Comparison of placebo and intrauterine lidocaine with/or without rectal diclofenac sodium suppositories used in office endometrial biopsy

Cengiz Kaya  ( Anesthesiology and Reanimation Department, Faculty of Medicine, Ondokuz Mayis University, Samsun, Turkey. )
Elif Bengi Sener  ( Anesthesiology and Reanimation Department, Faculty of Medicine, Ondokuz Mayis University, Samsun, Turkey. )
Ersin Koksal  ( Anesthesiology and Reanimation Department, Faculty of Medicine, Ondokuz Mayis University, Samsun, Turkey. )
Yasemin Burcu Ustun  ( Anesthesiology and Reanimation Department, Faculty of Medicine, Ondokuz Mayis University, Samsun, Turkey. )
Handan Celik  ( Gynecology and Obstetrics Department, Faculty of Medicine, Ondokuz Mayis University, Samsun, Turkey. )
Ali Haydar Sahinoglu  ( Anesthesiology and Reanimation Department, Faculty of Medicine, Ondokuz Mayis University, Samsun, Turkey. )

Abstract

Objective: To compare the effects of intrauterine lidocaine, intrauterine lidocaine plus rectal diclofenac, and a placebo on analgesia and to determine the satisfaction of patients and surgeons in cases of endometrial biopsy.
Methods: The double-blind, randomised, placebo-controlled study was conducted in the Department of Obstetrics and Gynaecology of the Ondokuz Mayis University, Samsun, Turkey, from April 2013 to January 2014, and comprised patients scheduled for in-office endometrial biopsy. They were divided into three groups: Group P, 5ml of 0.9% saline intrauterine; Group L, 5ml of 2% lidocaine intrauterine; and Group LD, 5ml of 2% lidocaine intrauterine ±10min before the procedure plus 50mg of rectal diclofenac sodium. Haemodynamic changes and visual analogue scale scores were recorded during the preoperative period, when the cervix was grasped with a tenaculum, immediately after intrauterine instillation, during uterine curettage and at postoperative 10 min. The patient and the surgeon were questioned about their satisfaction 15 min after the procedure. SPSS 21 was used for statistical analysis.
Results: The 90 patients in the study were divided into three equal groups of 30(33.33%) each. There were no statistically significant inter-group differences in age, bodyweight, parity, number of postmenopausal patients, haemodynamic parameters and American Society of Anesthesiologists scores (p>0.05 in all categories). In Group P, the visual analogue scale score estimated when the cervix was grasped with the tenaculum was lower when compared with Group L and Group LD (p=0.029 and p=0.007, respectively). At other measurement time points, the scores did not differ between the groups. The groups did not differ with respect to patient and surgeon satisfaction and complication rates (p>0.05).
Conclusion: Intrauterine lidocaine or intrauterine lidocaine plus rectal diclofenac application had no effect on visual analogue scale scores, patient satisfaction and vasovagal reaction.
Keywords: Endometrium, Biopsy, Office Surgery, Analgesia. (JPMA 65: 29; 2015).


Introduction

Office endometrial biopsy has become a prevalent procedure in the investigation of abnormal uterine bleeding and intrauterine pathologies.1-3 Avoidance of anaesthesia-related complications, shorter hospital stays, use of routine outpatient examination rooms, fewer complication rates and lower expenditures have greatly contributed to increasingly higher numbers of in-office gynaecological procedures.4,5
The most important reason for failed office gynaecological procedures is pain felt by the patient.2 As a result, the cooperation of the patient decreases throughout the procedure, preventing completion of the procedure and achievement of the desired goal.

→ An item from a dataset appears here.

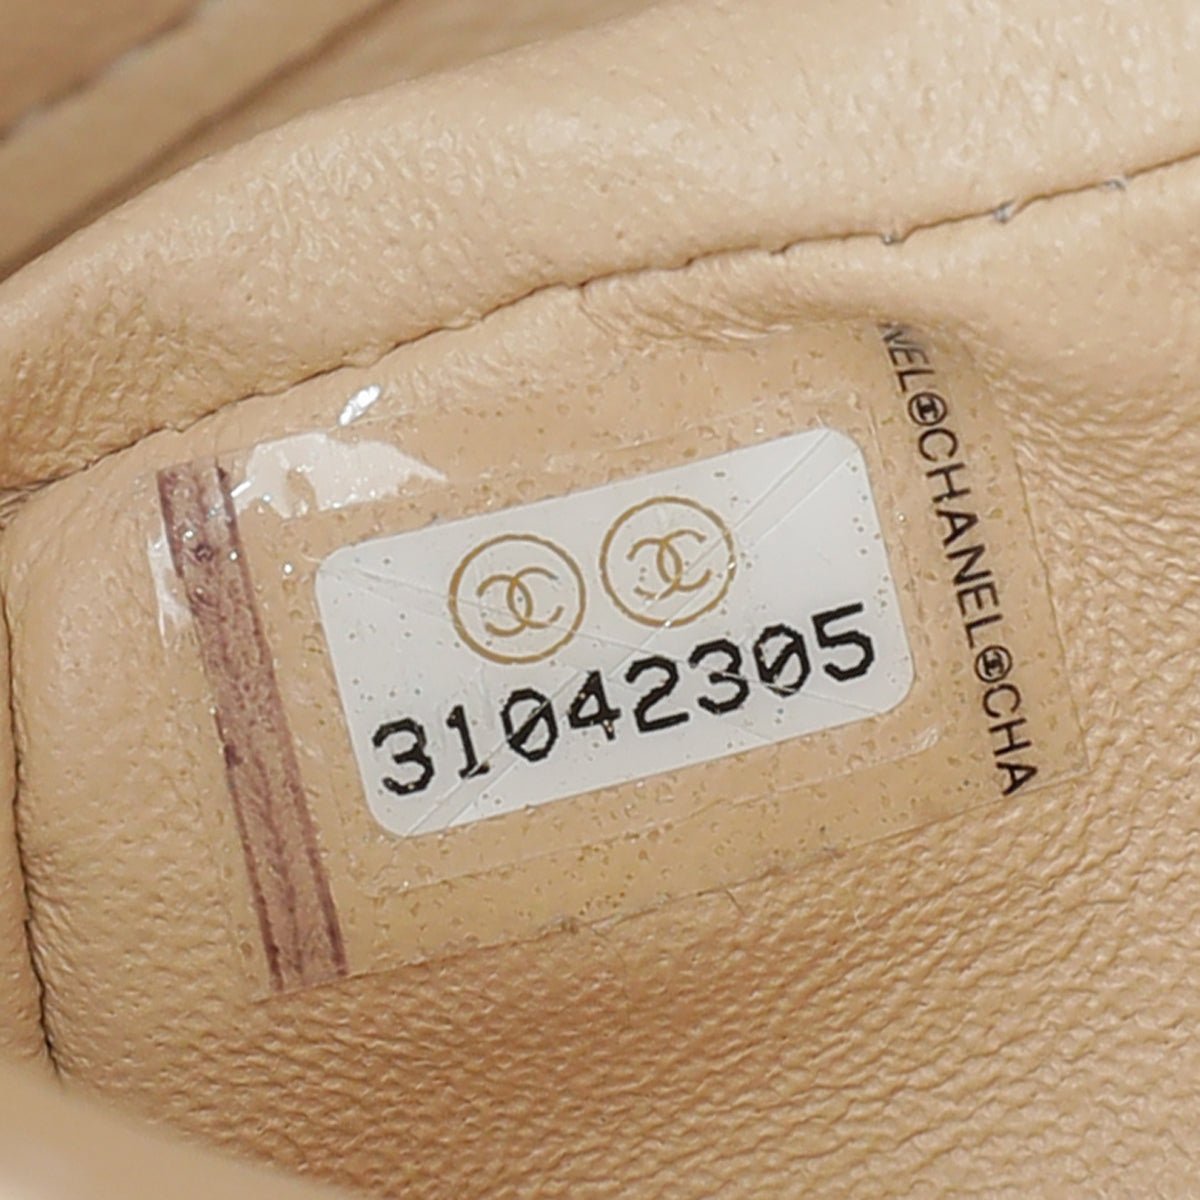 Chanel - Chanel Beige CC Classic Double Flap Medium Bag | The Closet

As yet, there is no consensus in literature on optimal pain management during gynaecological procedures.4,6 Although some studies have reported an acceptable level of pain during gynaecological procedures without using any anaesthetic, but not using anaesthetic raises concerns about bradycardia, hypotension, premature termination of the procedure or potential pain.7-10
Analysis of the neurophysiological mechanism of pain observed during in-office endometrial biopsies has revealed that painful stimuli stemming from the cervix and vagina are transmitted through pudendal and pelvic splanchnic nerves into S2-S4 spinal ganglia and that painful stimuli arising from the uterus are transmitted to T12-L2 spinal ganglia via hypogastric nerves.11 Although the uterus and the cervix are insensitive to heat and slight touch, grasping and dilating the cervix with a tenaculum, uterine distension, endometrial destruction and biopsy elicit pain.5,11 Prostaglandin release secondary to uterine and cervical manipulations also induces pain. Therefore, the use of prostaglandin synthetase inhibitors might be important for analgesia.5
Intrauterine (IU) anaesthesia is the blockage of nerve endings of the uterine body and fundus through IU instillation of a local anaesthetic agent.12 Although some studies reported the achievement of analgesia using IU anaesthesia, but others did not.2,3,12-14
The current study attempted to determine an optimal method of analgesia. We reviewed the literature and having taken into account the controversial effects of IU local anaesthetic instillation and the lack of the prostaglandin component involving mechanisms of pain, the use of non-steroidal anti-inflammatory drugs (NSAIDs) was considered. NSAIDs are generally subjected to critically important first-pass metabolism in the liver.15 To improve the bioavailability of the drug used, a rectal application, which bypasses portal circulation, is preferable.16 Therefore in our study the rectal route of application, the use of which we hadn't previously encountered in similar procedures, was preferred with the aim of achieving more effective analgesia.


Patients and Methods

The double-blind, randomised, placebo-controlled study was conducted in the Department of Obstetrics and Gynaecology of the Ondokuz Mayis University, Samsun, Turkey, from April 2013 to January 2014, and comprised patients scheduled for in-office endometrial biopsy.
To determine an adequate study sample, literature was used as a guide17 on the basis of which an analysis of the statistical power was made based on a visual numerical rating scale parameter. To achieve a statistical power of 97% (Cronbach's=0.05) within 95% confidence interval (95% CI=0.824-1) for each group, 30 cases were deemed to be adequate.
Those included in the study had indications of abnormal uterine bleeding and dysmenorrhea. Those excluded were virgin patients; patients classified as having a risk greater than II according to the American Society of Anaesthesiologists (ASA); patients with a genital infection (acute cervicitis), hypersensitivity to NSAIDs, peptic ulcers, inflammatory bowel disease, porphyria, a history of previous cervical surgery, anti-arrhythmic drug use, epilepsy, hepatic dysfunction or cervical stenosis. Pregnant women, patients requiring endocervical curettage and patients who did not understand how to rate the 10cm visual analogue scale (VAS) were also excluded.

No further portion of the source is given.